There was a 1960s musical group that performed under the moniker ‌The Fifth Dimension‌, but this is only one association with the 5th dimension. The other perspective, posited by Swedish physicist Oskar Klein, concerns a dimension unseen by humans where the forces of gravity and electromagnetism unite to create a simple but graceful theory of the fundamental forces. In science, dimensionality can mean many things, and today, scientists use 10 dimensions and string theory to explain where gravity and light from the electromagnetic spectrum meet.

When we think of moving from one dimension to two dimensions to the third dimension, we are transitioning between dimensions of space, that is length, area, and volume. However, fields of scientific study are much more general with their terms of dimensions.

There are many more measurements to observe in the world: temperature, time, density, speed, energy, and so much more. How do we represent these additional elements when they might vary or depend on volume or distance or one another? We add more dimensions!

These extra dimensions can allow for an additional 4th dimension or even some five-dimensional analysis of a situation where we can consider the temperature density or the energy change across the volume of a sphere or the path of a particle. These layers of dimensionality allow for greater and more detailed description of the physical reality around us.

To get a handle on these additional dimensions, we start with Albert Einstein’s special theory of relativity. Einstein proposed that the laws of physics are consistent for non-accelerating observers, no matter where in space they are, as absolute frames of reference do not exist. Einstein's theory stated that an entity’s velocity, or its momentum, is only measurable in relation to something else, and – as a way to proportionally relate all of these frames – the speed of light is a constant in a vacuum, regardless of the observer measuring it and the speed at which that observer travels. These two relationships are the postulates of special relativity.

In order to develop the mathematical tools and scientific framework to understand these changing frames, Einstein and other physicists developed the idea of four-dimensional spacetime. This framework involved the three dimensions of space (that human beings experience) in addition to a fourth dimension of time.

These measurements are represented with something called the spacetime four-vector:

When we consider other influences (like gravity), relationships become more complicated. Gravity can directly affect time and space for various reference frames, and through these concepts, Einstein further developed the theory of general relativity.

Einstein’s theory of relativity essentially suggested that space-time becomes warped, felt as gravity, by large objects like the Earth. He posited the measurement of gravitational waves and the possibility of black holes, though he spent his later years trying to disprove the idea of black holes, which scientists finally confirmed as real in 1971, decades after Einstein’s death. But 100 years after he first published his theory of relativity, scientists also confirmed the existence of gravitational waves in September 2015, when scientists from the Laser Interferometer Gravitational-Wave Observatory first detected and measured gravitational waves that rippled through space when two black holes joined.

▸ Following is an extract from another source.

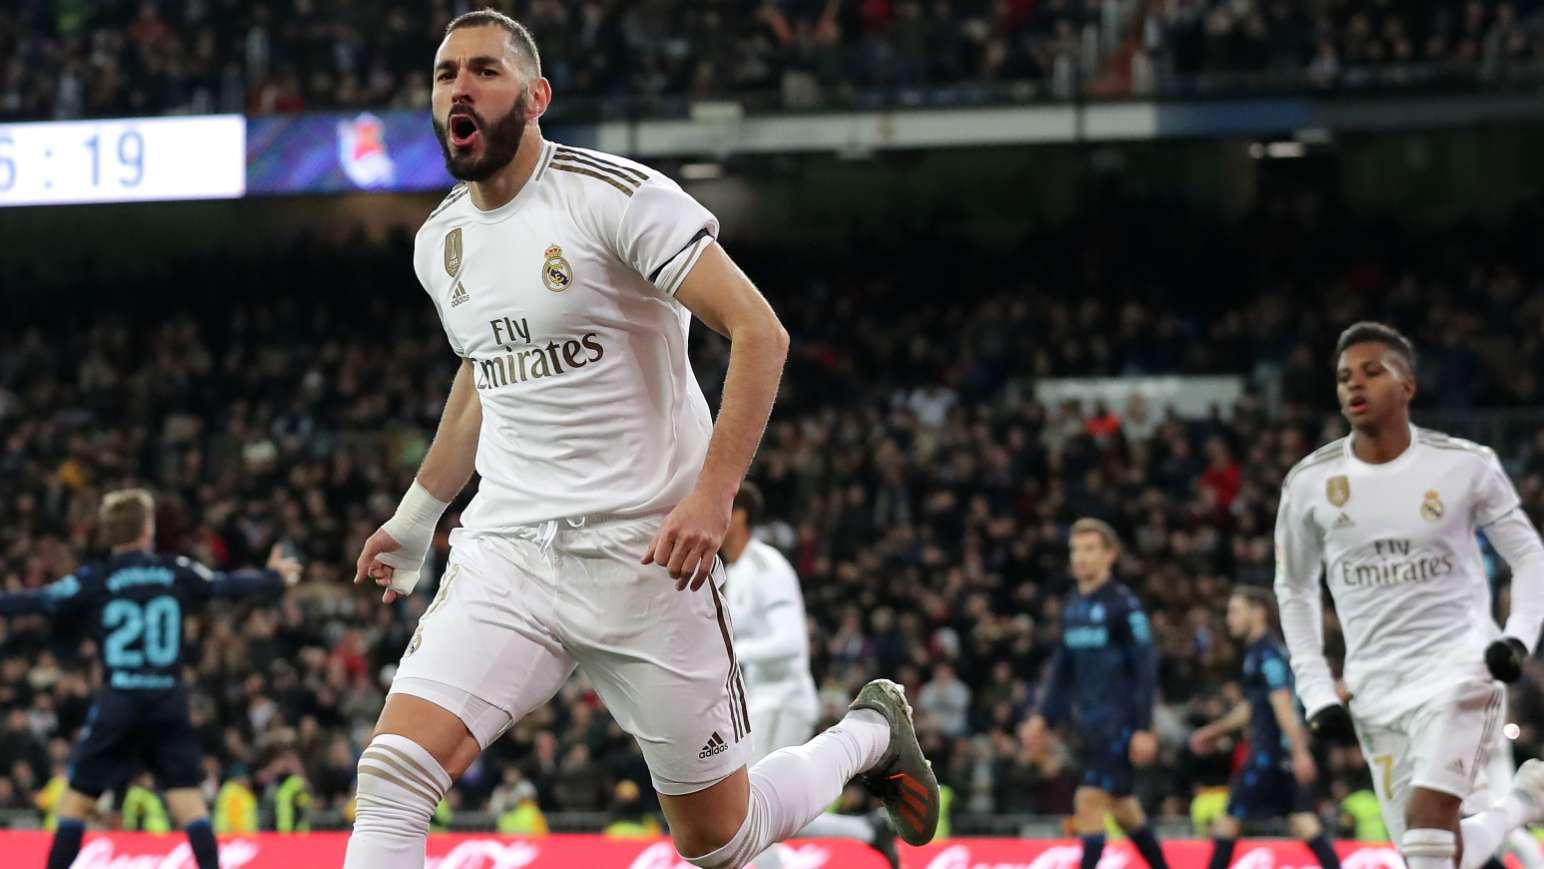 Zidane: Real Madrid do not want revenge on Paris Saint-Germain

The next search that follows this monumental measurement revolves around the quest for new particles. Quantum physics and electromagnetic waves rely heavily on a relationship between energy, waves, and particles. In an attempt to unite quantum mechanics and gravity, scientists look to confirm the existence of the graviton (a theoretical particle that would carry the influence of gravity).

There are other approaches to explain these unseen relationships. Because light, or energy, in Einstein’s theory comes from the interactions of the electromagnetic force, scientists have searched for over 100 years for ways to unite energy and light from electromagnetic forces with the other three forces (i.e. the strong & weak nuclear forces and gravity). Two theories, independently developed and proposed by German mathematician Theodor Kaluza and Swedish physicist Oskar Klein suggested the possibility of a fifth dimension where electromagnetism and gravity unify; together this is known as the Kaluza-Klein Theory.

Klein came up with the idea that the fifth dimension could be invisible to the human eye, as it is minuscule and curls up on itself like a pill bug rolls up under threat. Einstein and his assistants, Valentine Bargmann and Peter Bergmann, during the early 1930s and 1940s tried unsuccessfully to tie the fourth dimension in Einstein’s theory to an extra physical dimension, the fifth, to incorporate electromagnetism, but it became even more difficult as the “dimensional consciousness” of our perception is limited. We have a hard time conceptualizing higher dimensions outside of a purely mathematical representation.

Scientists still do not agree on how many dimensions truly exist. Some say six, some say 10, and others say ad infinitum or into infinity. Superstring theory posits that absolutely everything in this universe is a manifestation of a single object – a minuscule string. The way it vibrates determines whether it’s a photon or an electron, and everything is part of a single unified concept. Because not enough deviations can account for all the particles and forces in the universe, string theory requires at least six additional dimensions in addition to the known four. These dimensions come in two types: those that you can see and those that are tiny and curled up, like Klein originally posited, existing on a microscopic level.